The always interesting Fr. Longenecker takes on the topic of ghosts and the Catholic Faith. Here's the thing. It's not contrary to the Faith to believe in ghosts. In fact, it's almost logical. Just how it works out is up to smarter minds than mine. But to believe in a netherworld, a spiritual dimension to Creation? Of course. If someone doesn't, that's fine. But there's certainly nothing wrong with believing.
Personally I was always rather cynical about such things. As a new convert, I was a bit embarrassed by all that miracle stuff Christians seemed to jabber on about. I accepted the Resurrection because that's what they said I had to do to be saved. Perhaps a vague miracle here or there. But I was pretty cynical.
Then two things happened. First, I watched a nighttime news magazine (remember those? ) doing a special on miracles. They talked about different ones, including the Miracle of the Sun at Fatima. In that segment, they interviewed the president of the American Cynics, or something like it. He dismissed the miracle saying that it could be explained a dozen ways, and was probably just a natural, albeit unusual, phenomenon. I immediately realized that the presence of dozens of possible alternate explanations doesn't mean the original claim is false. They could be wrong just the same (especially some of the wilder alternates). Second, if it was a natural phenomenon, then get a couple peasant kids to predict a similar event and have it come true. Then we can see it doesn't require divine intervention.
Not that I started believing in miracles and ghosts, but it made me realize that many who don't believe in the supernatural offer no better explanations, and that says volumes right there. Especially since they seem to invest so much of their efforts in disproving them.
The second event happened on my honeymoon. Yeah, go ahead and giggle. But we went to Jekyll Island in Georgia. We were married in February since we lived in Florida, and Jekyll Island was close enough and yet far enough away for an early March. Not many tourists at that time. Being a history buff, I decided to use a day or two of our week visiting historic sites. One of the sites we visited was Fort Frederica. It's an actual location museum and archaeological site. No fake reconstructions. It has the foundations and markers of the original buildings, with only a couple examples of later structures marking original locations.
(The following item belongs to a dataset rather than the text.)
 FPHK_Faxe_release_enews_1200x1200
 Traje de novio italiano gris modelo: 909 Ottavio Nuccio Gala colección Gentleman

My wife and I went there one day near noontime. It was overcast and for us Floridians, it was freezing. There was a slight mist, enough to have made it almost devoid of visitors. We began walking along the original main street. There were markers explaining what each foundation would have been. We went from one side of the street to the other, zigzagging our way down the path.
Suddenly, as we walked back from the southern side of the 'street' to the north, I got a massive feeling of, well, pressed upon. You know that feeling you get when you know, or think you aren't alone? And that feeling you get if you're being pressed in upon by a crowd, even if nobody is touching you? That feeling. Now that's not the crazy part. When that happened, the feeling I was in a crowd was so palpable, I stopped. I looked and my wife had also stopped. With no prompting, she looked at me and said she had the craziest feeling. I told her I also had a crazy feeling. We described what we felt and it was the same.
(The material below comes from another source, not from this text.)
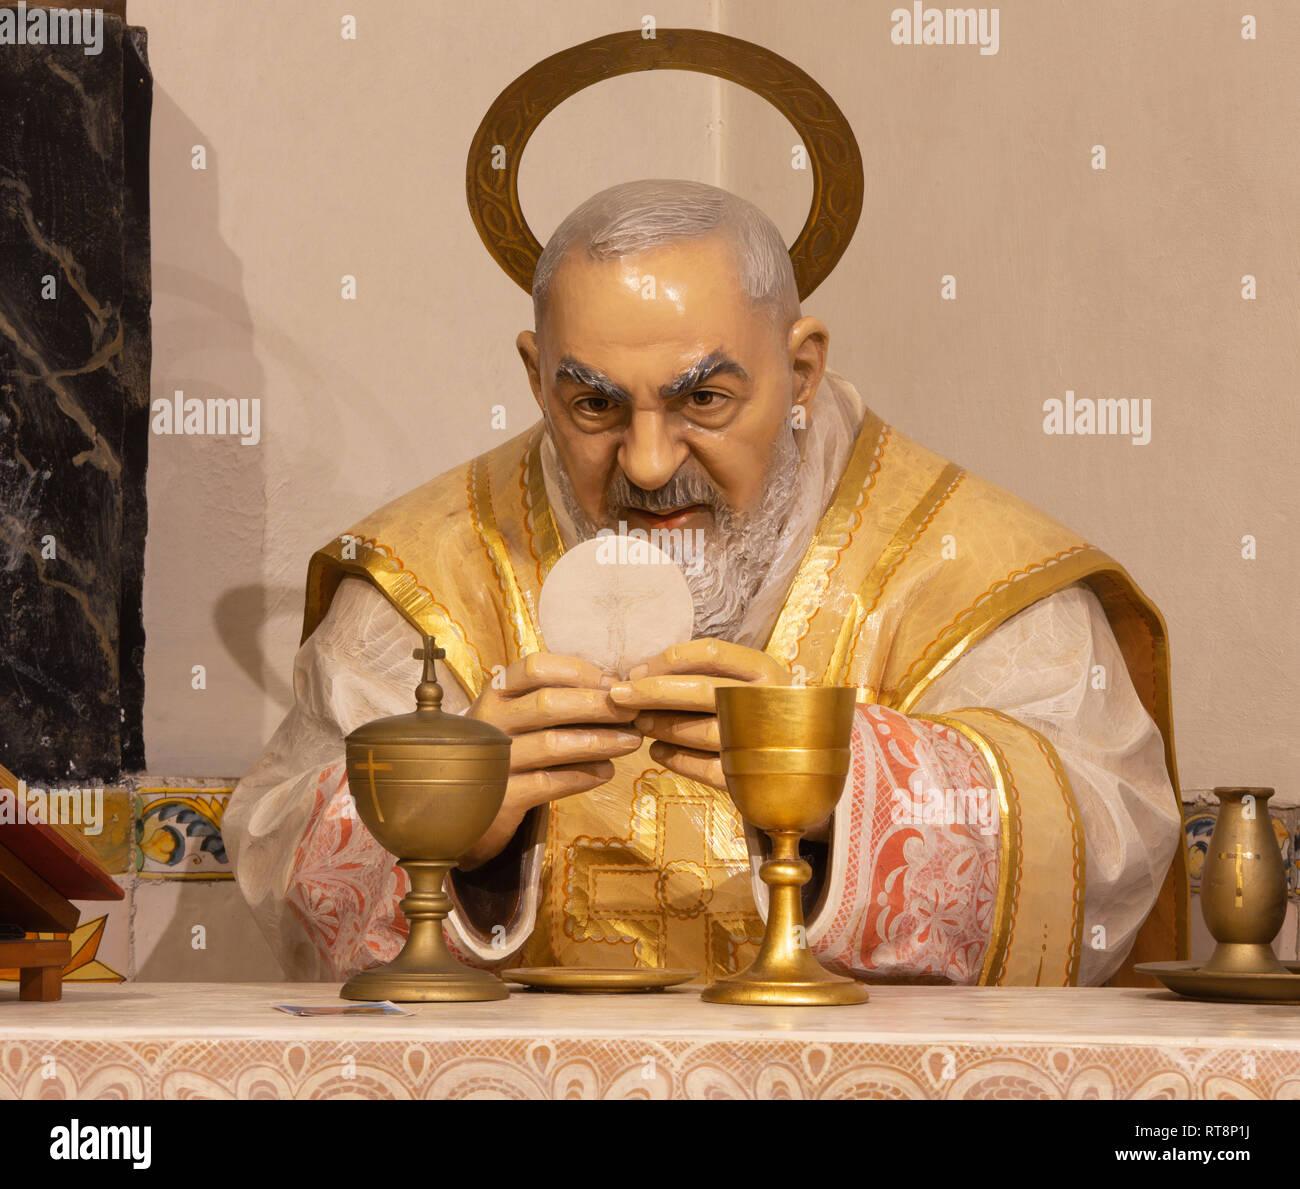 PALMA DE MALLORCA, Spagna - 29 gennaio 2019: Il policromo scolpito la statua di Padre Pio da Pietrelcina alla messa nella chiesa dei Cappuccini. Immagini Stock

We thought for a minute, then went on with our sightseeing. We looked at the next stone foundation, then crossed back to the other side. Then we turned and went back again, back to the northern side, and suddenly, there it was again! Same exact feeling.
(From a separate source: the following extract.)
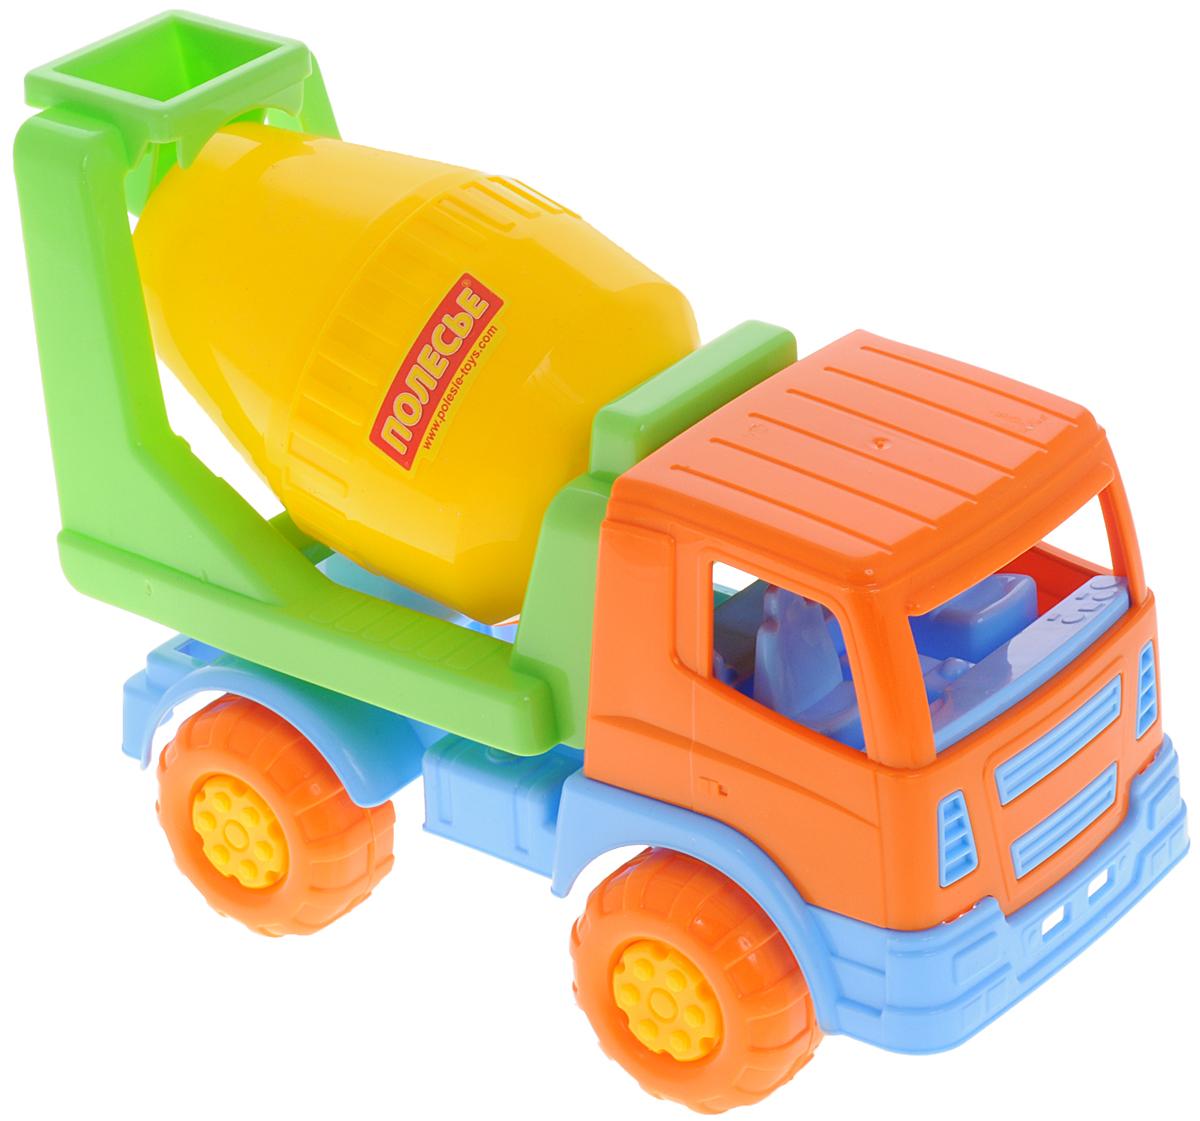 Полесье Бетоновоз Салют цвет оранжевый голубой салатовый8953_оранжевый голубой салатовыйЯркий бетоновоз Салют, изготовленный из прочного безопасного пластика, отлично подойдет ребенку для различных игр. Бетоновоз оснащен вращающейся бочкой для перемешивания цемента во время транспортировки. Кузов с бочкой может опускаться назад. Большие ребристые колеса со свободным ходом обеспечивают игрушке устойчивость и хорошую проходимость. Ваш юный строитель сможет прекрасно провести время дома или на улице, создавая свою стройку.

We both stopped and looked at each other. We glanced around just to make sure. Nope. Nobody else was even close by. At that, we tried again. But next time nothing. No feeling of anything other than a cool, misty breeze. We continued our sightseeing and then came all the way back to the same spot and retraced our steps. But again, nothing. No feeling of pressed upon by crowds, of deja vu, of people being near, nothing.
After that, I concluded there must be something that isn't dreamt of in our modern philosophies. I studied the history of the settlement and tried to ascertain something special about the anniversary of the date we were there, but I've found no major event for that exact time. I've had other 'bizarre' occurrences in my life, and while some seem without a logical explanation, all seem capable of some explanation - no matter how stretched. But not this one. There just isn't an explanation unless someone wanted to call me and my wife liars.
So ghosts? Sure, why not. There's no reason not to believe. I dare say that a bigger problem is the number of Christians - including Catholics - who don't really believe in a supernatural, miraculous creation apart from a few basics (Resurrection, maybe Virgin Birth, for Catholics the Real Presence). Take those few away, and we approach the universe with a materialistic simplicity that would shame Richard Dawkins. Perhaps it's time to recapture a supernatural view that includes not just a couple high and mighty miracles, but one that assumes the universe is on a regular basis more than just rocks and trees and squirrels. And maybe, as Fr. Longenecker suggests, the best place to start is a priesthood as in tune to the supernatural as it is the latest from academia or worse, pop culture, and that might start the ball rolling back in the right direction.